» What the task requires:
What you return must match the data below exactly, minus any pictures.

» Given material:
-- Opening Marker --

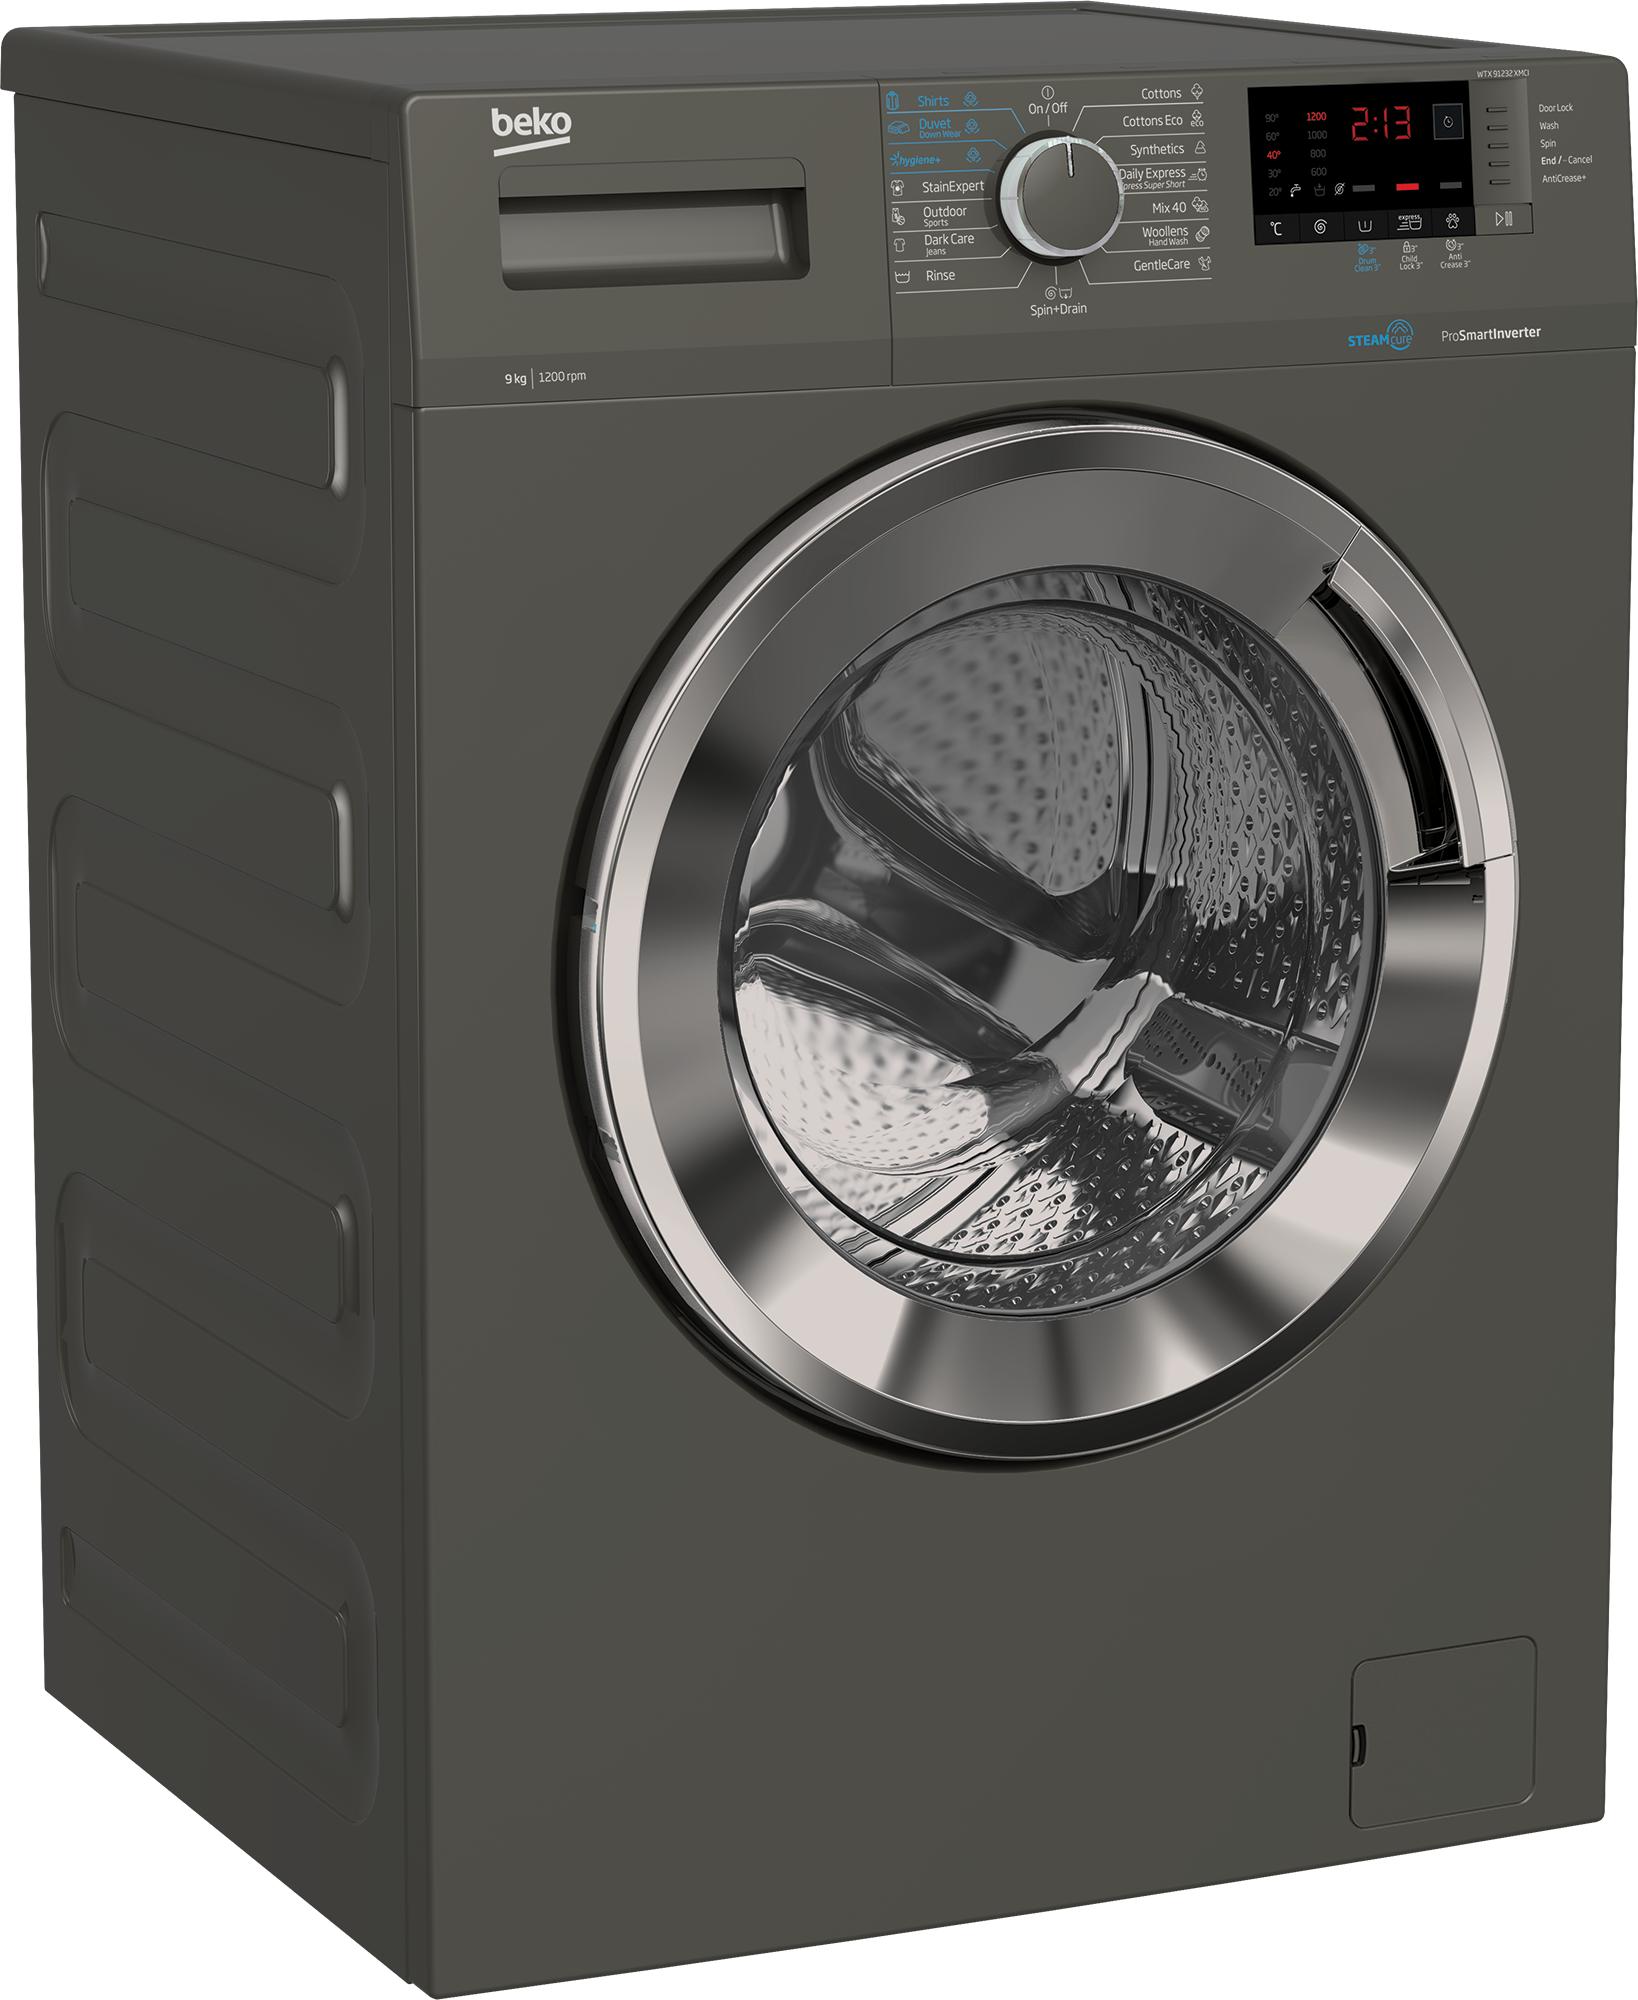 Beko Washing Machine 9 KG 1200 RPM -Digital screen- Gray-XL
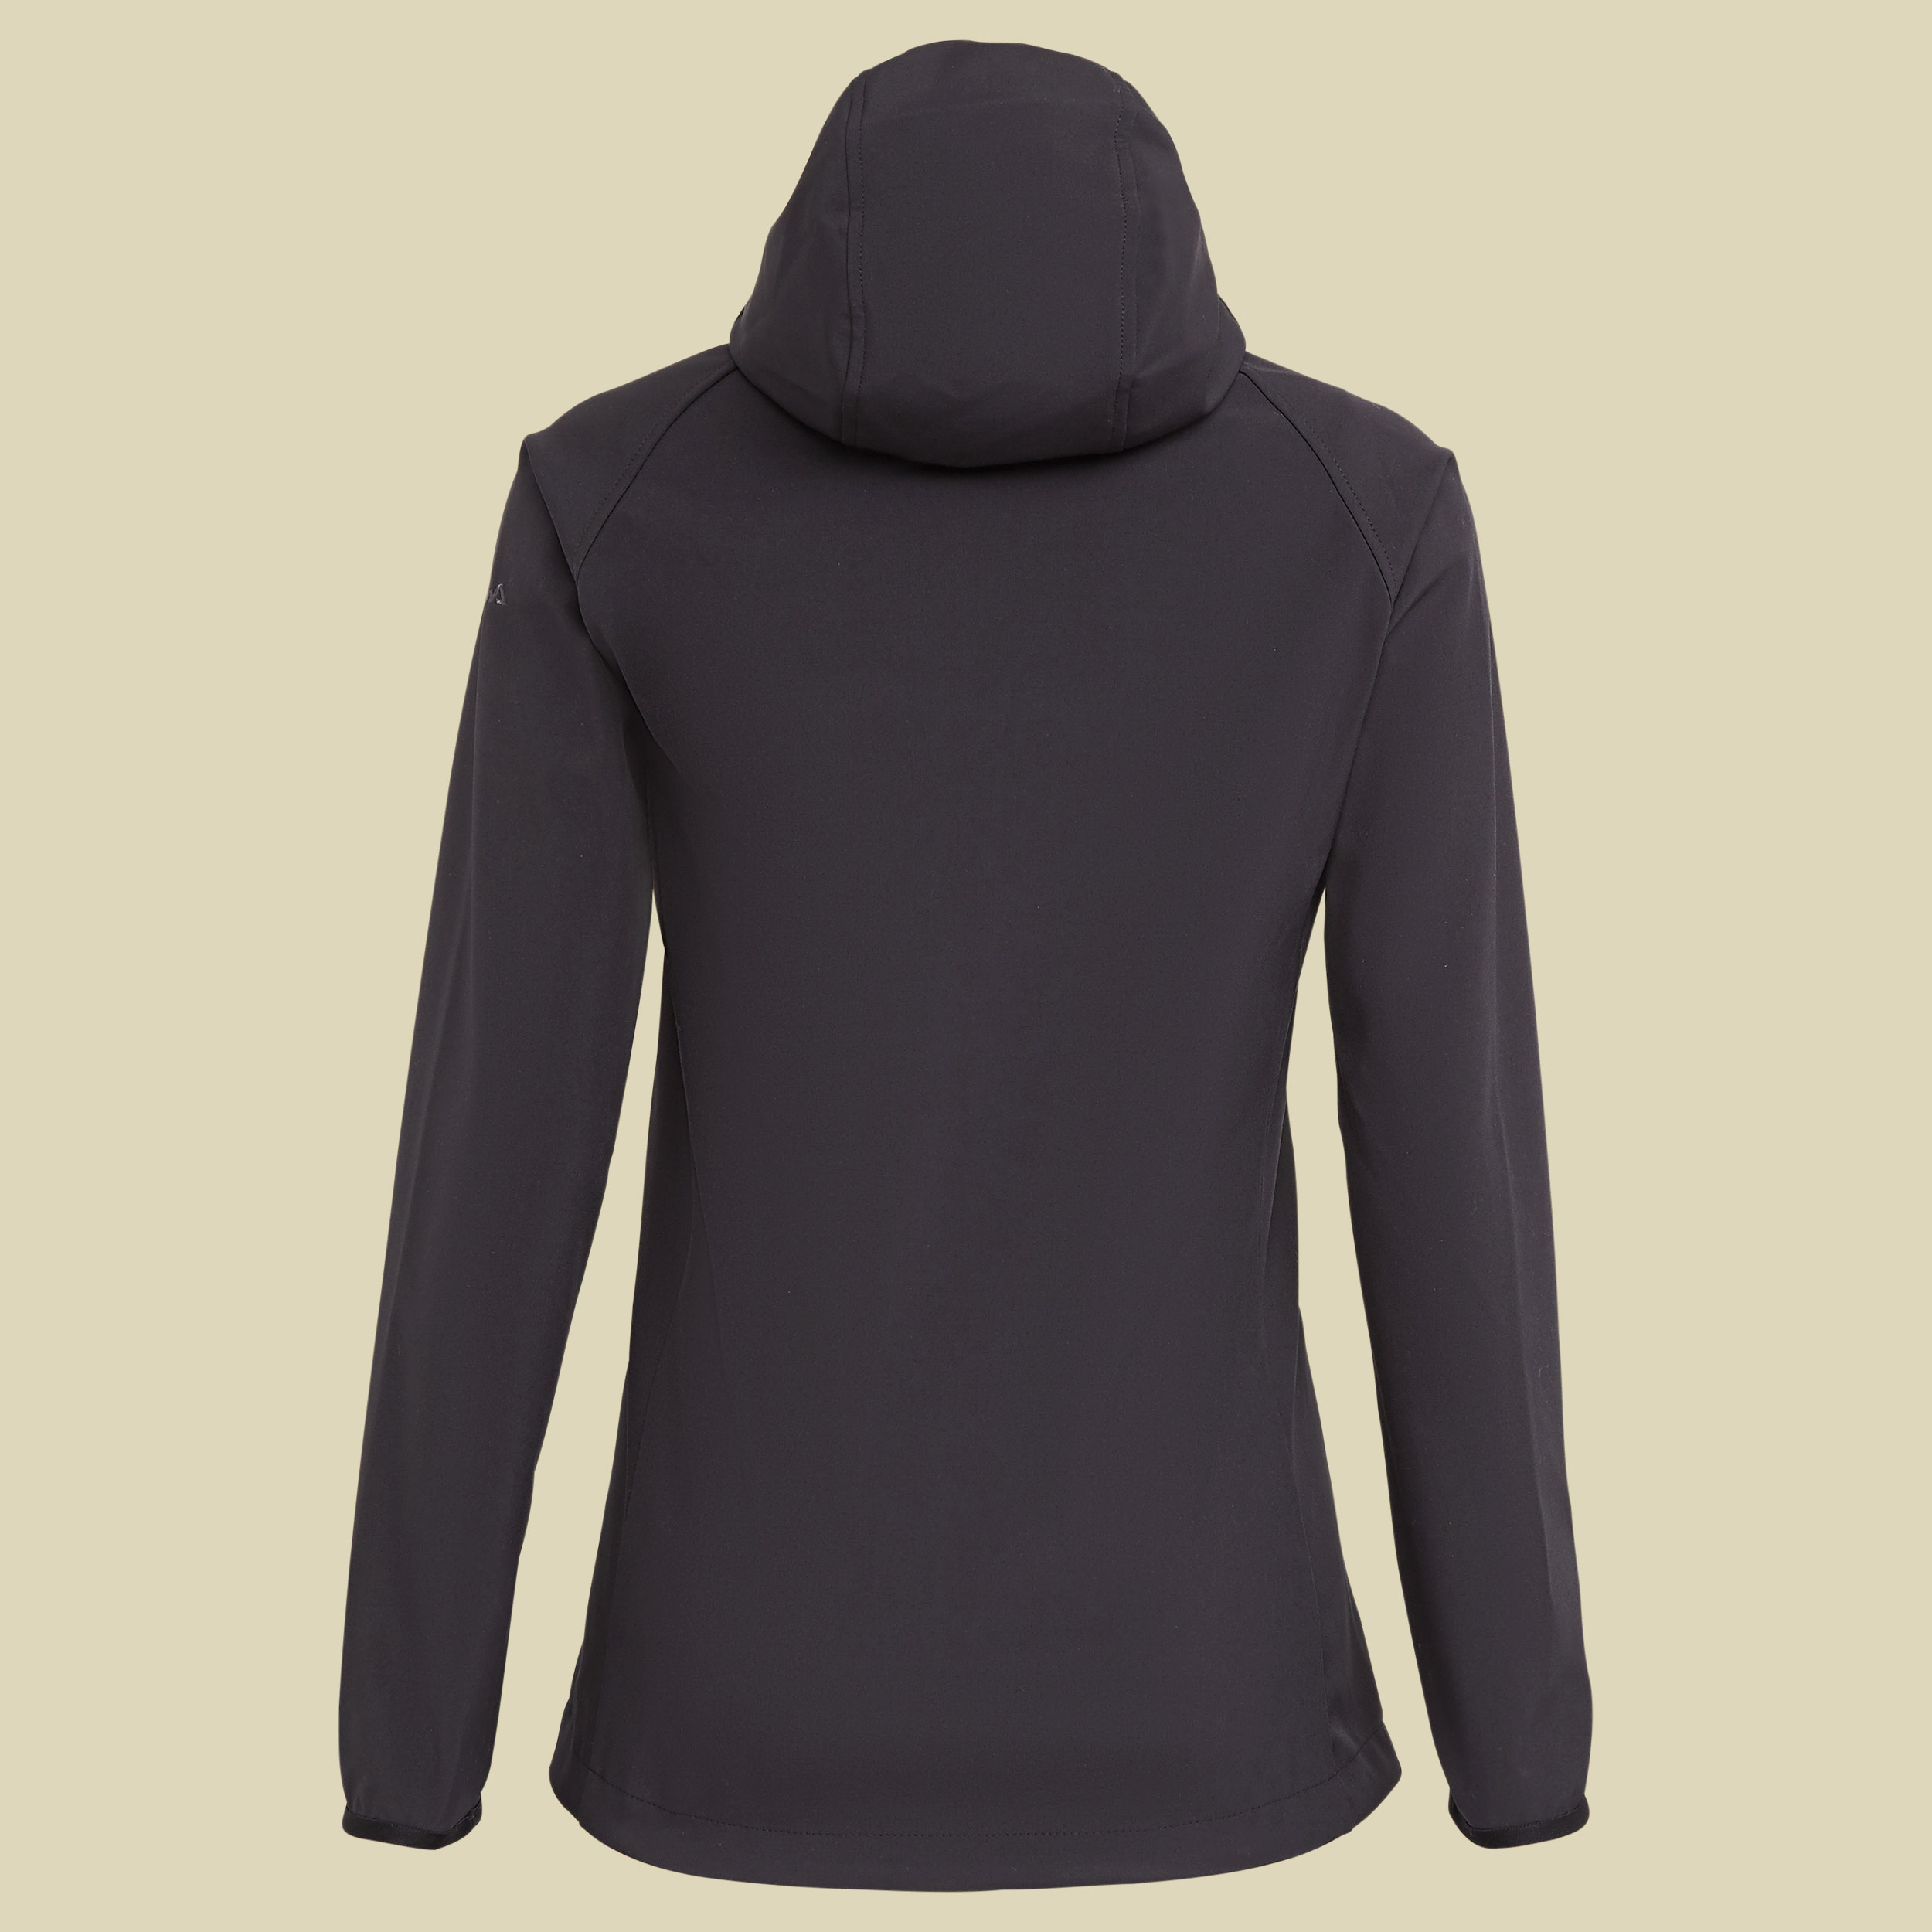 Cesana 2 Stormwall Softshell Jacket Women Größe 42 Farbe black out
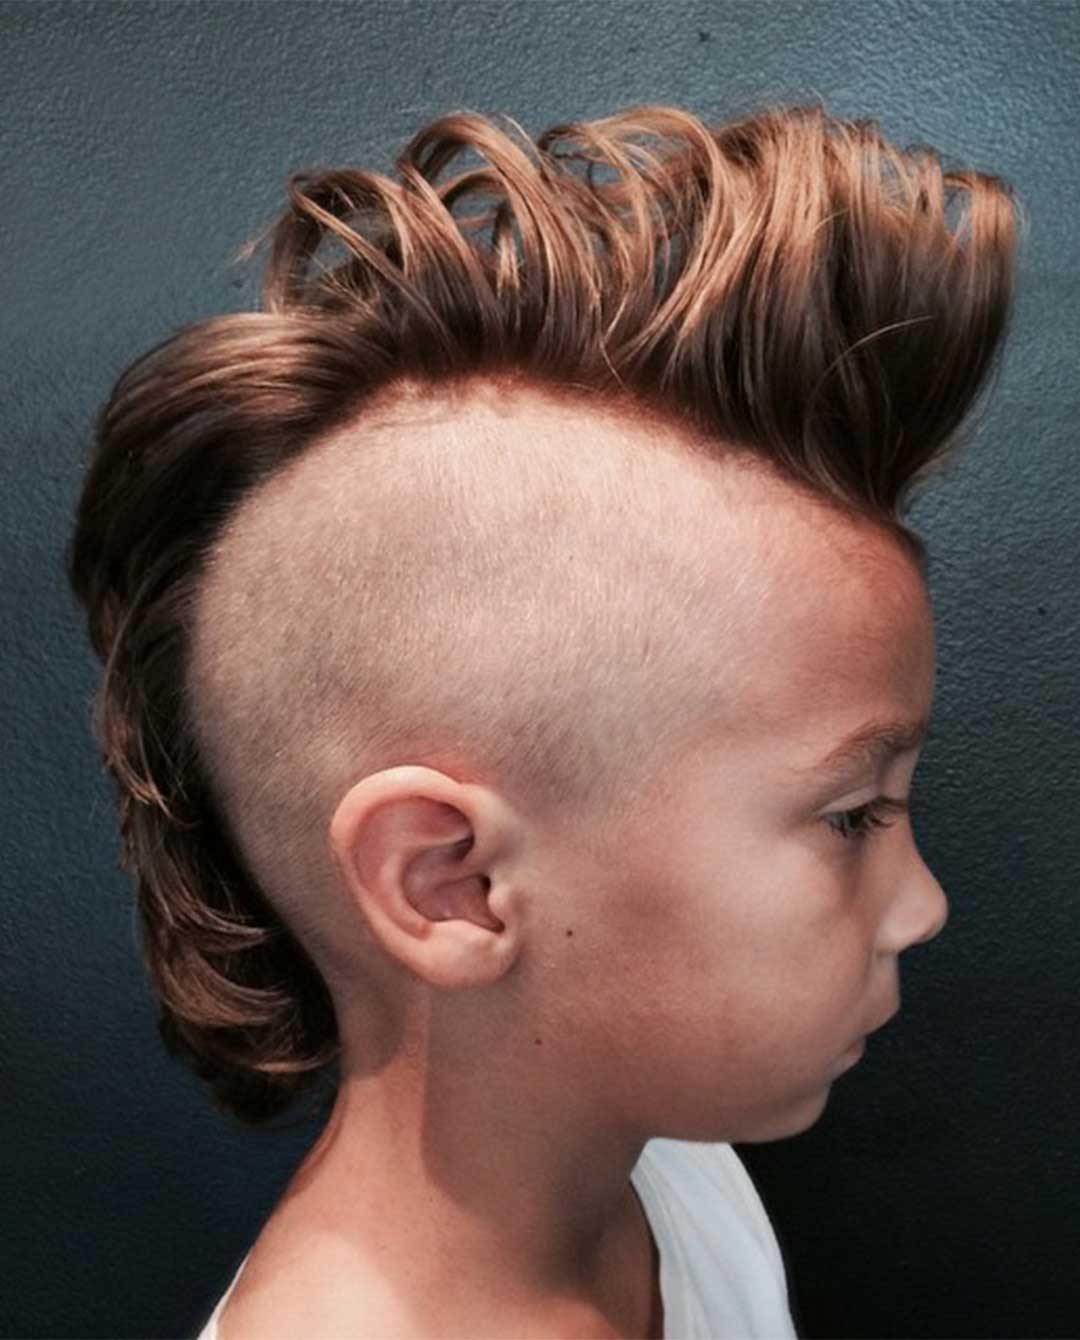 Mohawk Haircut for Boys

-- Closing Marker --

» Finished task:
 Beko Washing Machine 9 KG 1200 RPM -Digital screen- Gray-XL
 Cesana 2 Stormwall Softshell Jacket Women Größe 42 Farbe black out
 Mohawk Haircut for Boys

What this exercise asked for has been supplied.